Additionally, an effective cyber resiliency strategy must work in harmony across all divisions and layers of a business. Prevention should always be priority number one, but in the event of a breach or attack, the company must have a disaster recovery plan in place, which is understood and communicated. Any ransomware or cyber attack could be catastrophic and so there should never be a compromise on how threats are prepared for or treated.
While an enterprise is a large organism, its people are the front line of defence. This means organisations serious about improving their resilience should be ongoing education around how to identify suspicious emails or threats, and how to manage sensitive data so as to minimise phishing and botnet incursions.
These are avoidable, but they require strong mailbox management with junk folder mail deposit rules to isolate possible threats, and machine learning and artificial intelligence tools that are designed to minimise chances of the mails getting through to the user’s inbox.
Technology has advanced significantly in the past two years and so companies should consider deploying modern data protection toolsets and strategies to ensure data recoverability in the event of a serious breach.
Backup and recovery
Criminals have evolved, and so should businesses.

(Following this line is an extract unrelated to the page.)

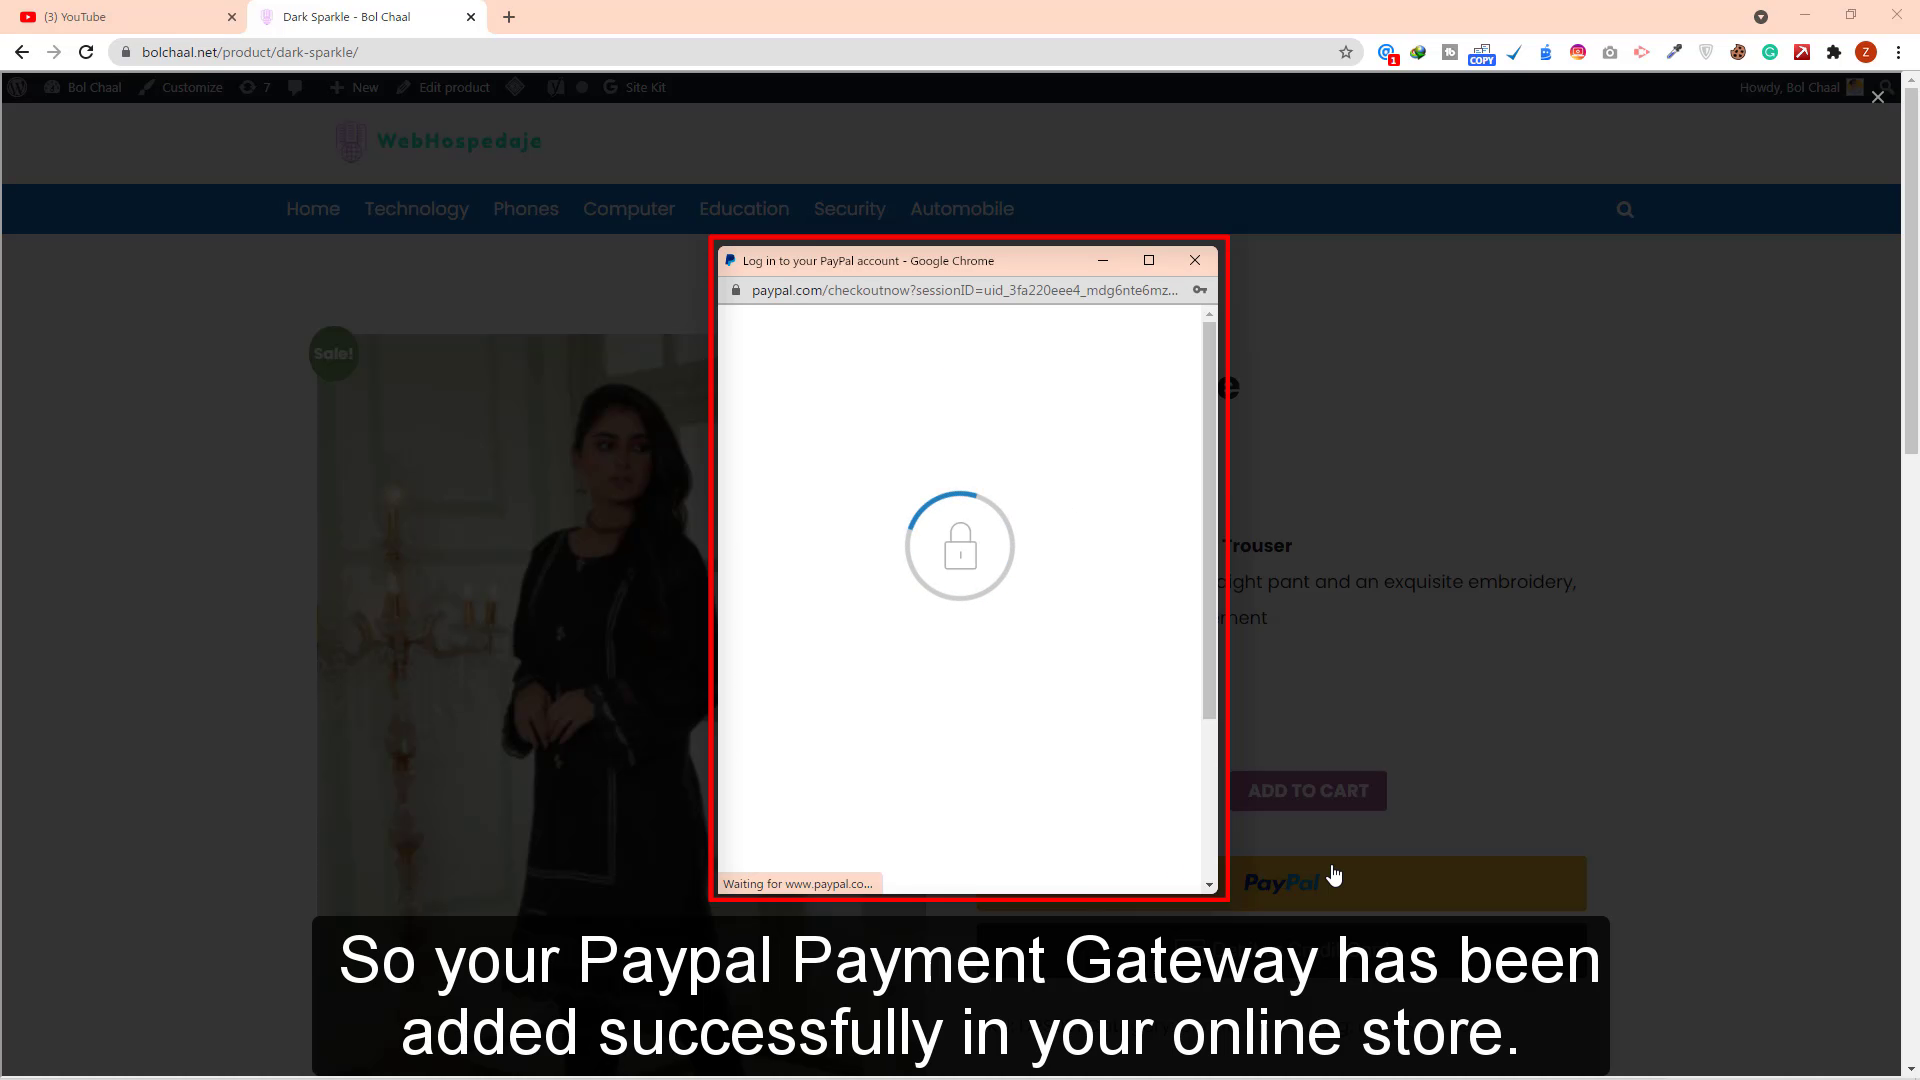 Así que su pasarela de pago de Paypal se ha agregado con éxito en su tienda en línea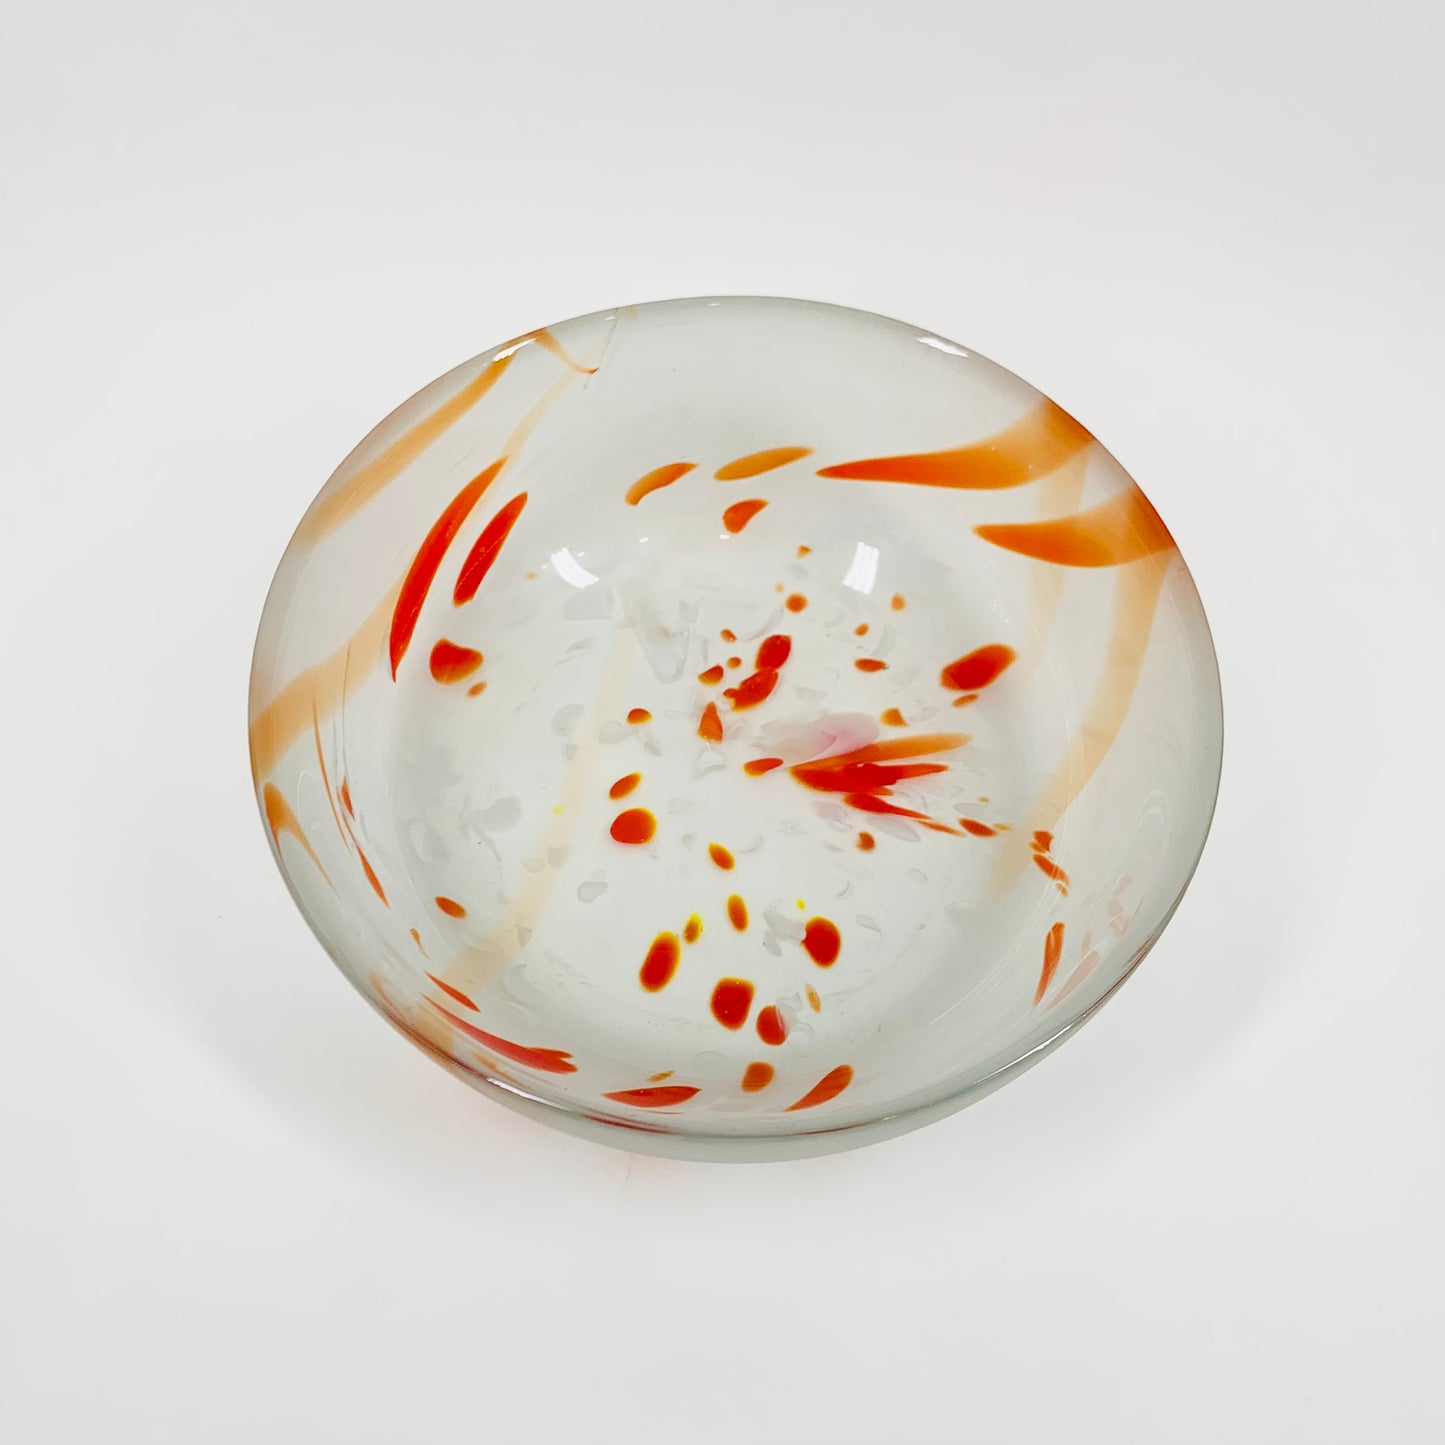 1980s orange speckled satin glass bowl

It is no longer good enough to have an outdated 3-2-1 backup mindset – three copies, on two different media with one copy being offsite.
Today, and in an effort to protect data effectively against rapidly evolving threats, best practice adds two more layers to the old rule to become 3-2-1-1-0 – three copies of data, two on different media, one offsite and one copy that is air-gapped or immutable and restored with zero errors so that the vulnerability is not restored back into production.
As we can see, it is good to understand how cyber criminals are attacking consumers and businesses alike. However, that’s just one side of the resilience coin. The other requires using that understanding to develop a methodical preparedness and backup strategy that is driven from the C-suite down, and which is founded on best-practice, modern data management.